Using Amazon DynamoDb for IP and co-ordinate based geo-location services part 6: uploading IPv4 range to DynamoDb
April 26, 2015 3 Comments
Introduction
In the previous post we successfully created a limited IPv4 range file ready to be uploaded to DynamoDb. We saw how the relevant bits were extracted from the reduced subset of the MaxMind CSV source file and how the DynamoDb-specific input file was created.
In this post we’ll see how to upload the source file to DynamoDb using the bulk insertion tools available there. We’ll only import our limited test data but the same steps apply for large data sets as well.
Table setup in DynamoDb
Log onto the AWS web console and navigate to DynamoDb. Create a new table with the following characteristics:
- Name: geo-ip-range-test
- Primary key type: hash and range
- Hash attribute name: “network_head” of type Number
- Range attribute name: “network_start_integer” of type Number
- (Click Continue to come to the indexes page)

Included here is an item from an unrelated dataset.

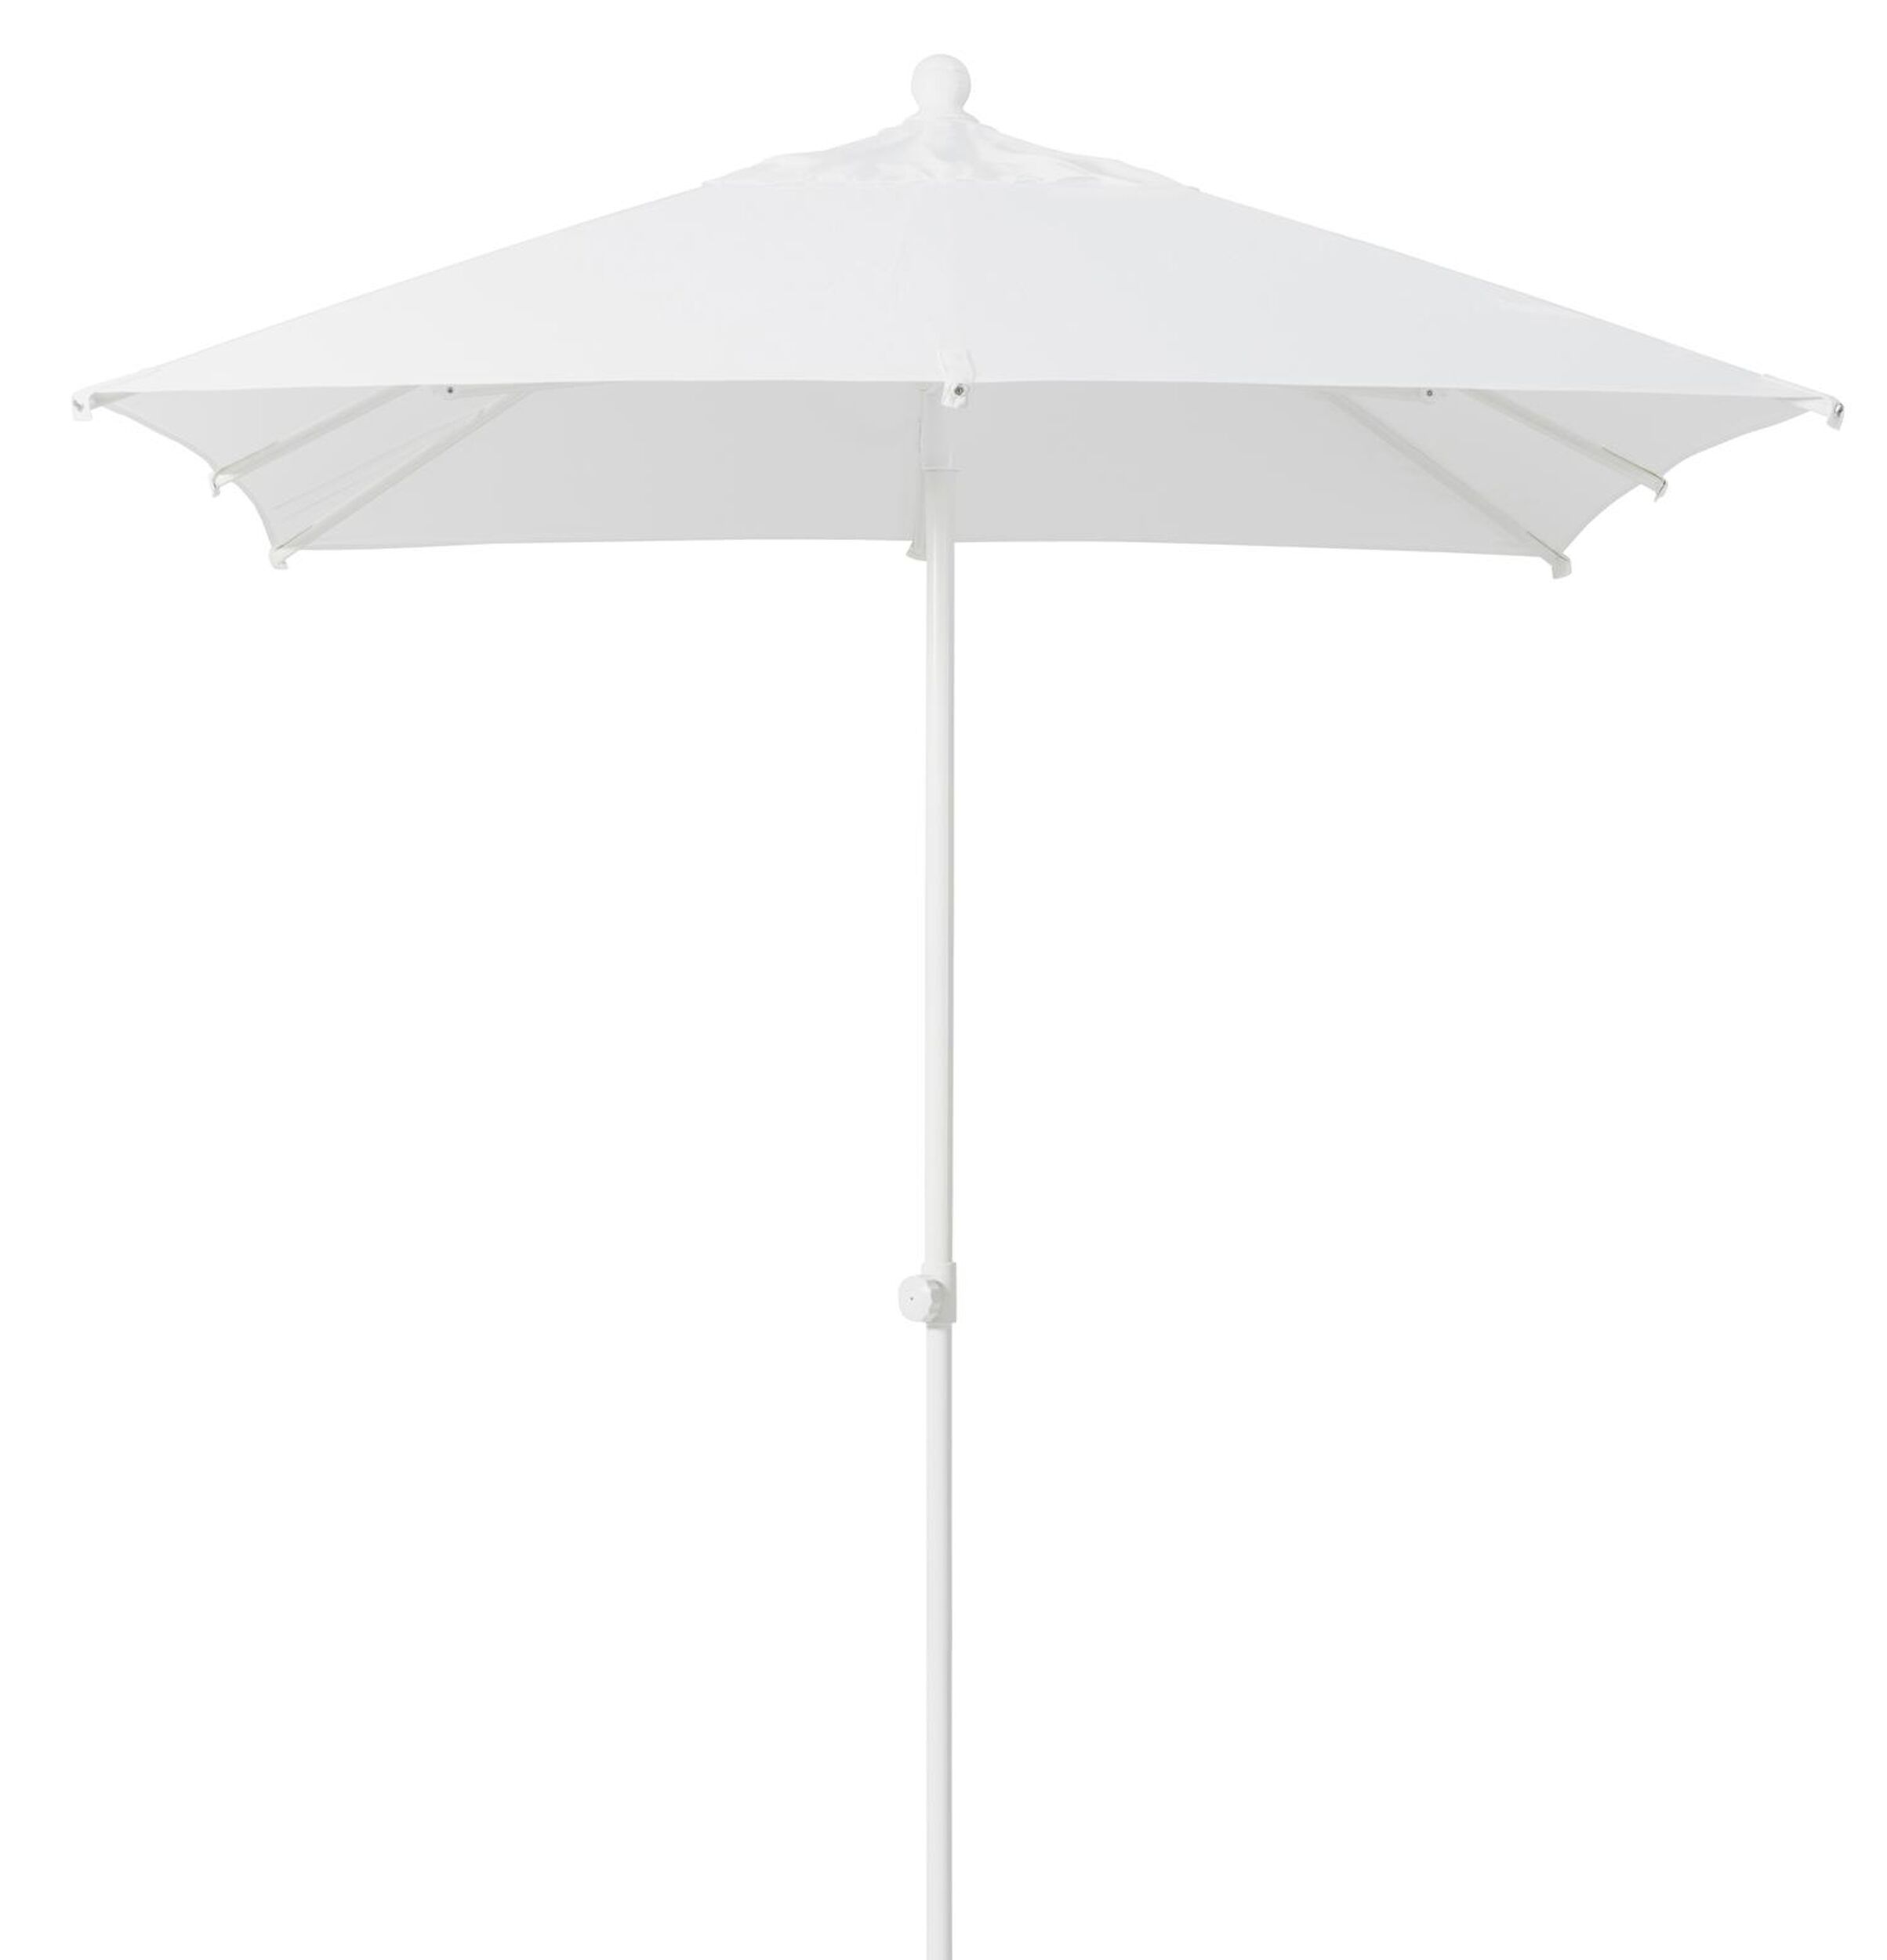 Milano staanparasol in wit aluminium wit polyester parasoldoek - L1 x L2 200 cm (zonder voet)

- Select Index type “Local secondary index”: this will automatically add “network_head (Number)” as the index hash key
- As index range key insert “network_last_integer” of type Number
- The index name will be autocompleted to network_last_integer-index, that’s good enough
- Make sure that “All attributes” is selected in the Project attributes drop-down list
- Click “Add index to table”
- (Click continue)
- Specify read and write capacity units at 5. It’s important to note that the write throughput will need to increase a lot when you’re ready to import the full data set of approx. 10 million rows otherwise the insertion process will take a very long time. You can modify the write throughput to something large just for the import phase, e.g. 10000 and then reduce it back to 5 or even smaller as writes won’t occur often – if anytime at all. Similarly the read throughput will need to increase a lot for the real database otherwise the queries will easily run into exceptions. With a large data set and low read throughput the query may need to scan too many records and quickly exceed the existing read throughput limit. We’ve set the read throughput to 1000 for our live geo IP range table. The throughput of 5 for both reads and writes will be OK for our small demo data set but will surely be too low for a 10-million-row data table
- (Click continue)
- You can select to set up a basic alarm – this is not vital for this demo exercise but is very useful for production databases. I let you decide whether you want to be notified in case of a throughput limit breach
- Click continue to reach the Review pane and click Create
Wait for the table to reach status ACTIVE.
Importing the records
Click the “Export/Import” button in the menu:
Select the ip range table and click to import into DynamoDb:
You’ll be directed to the “Create Import Table Data Pipeline” view. Select the input folder of the DynamoDb input JSON file we created previously. Provide an S3 log folder as well. These logs can provide important information in case the import process fails. You can set the throughput rate to 100% as no other process will need access to the IP range table during this time. Leave the execution timeout at 24 hours. You can set your email to send notifications to.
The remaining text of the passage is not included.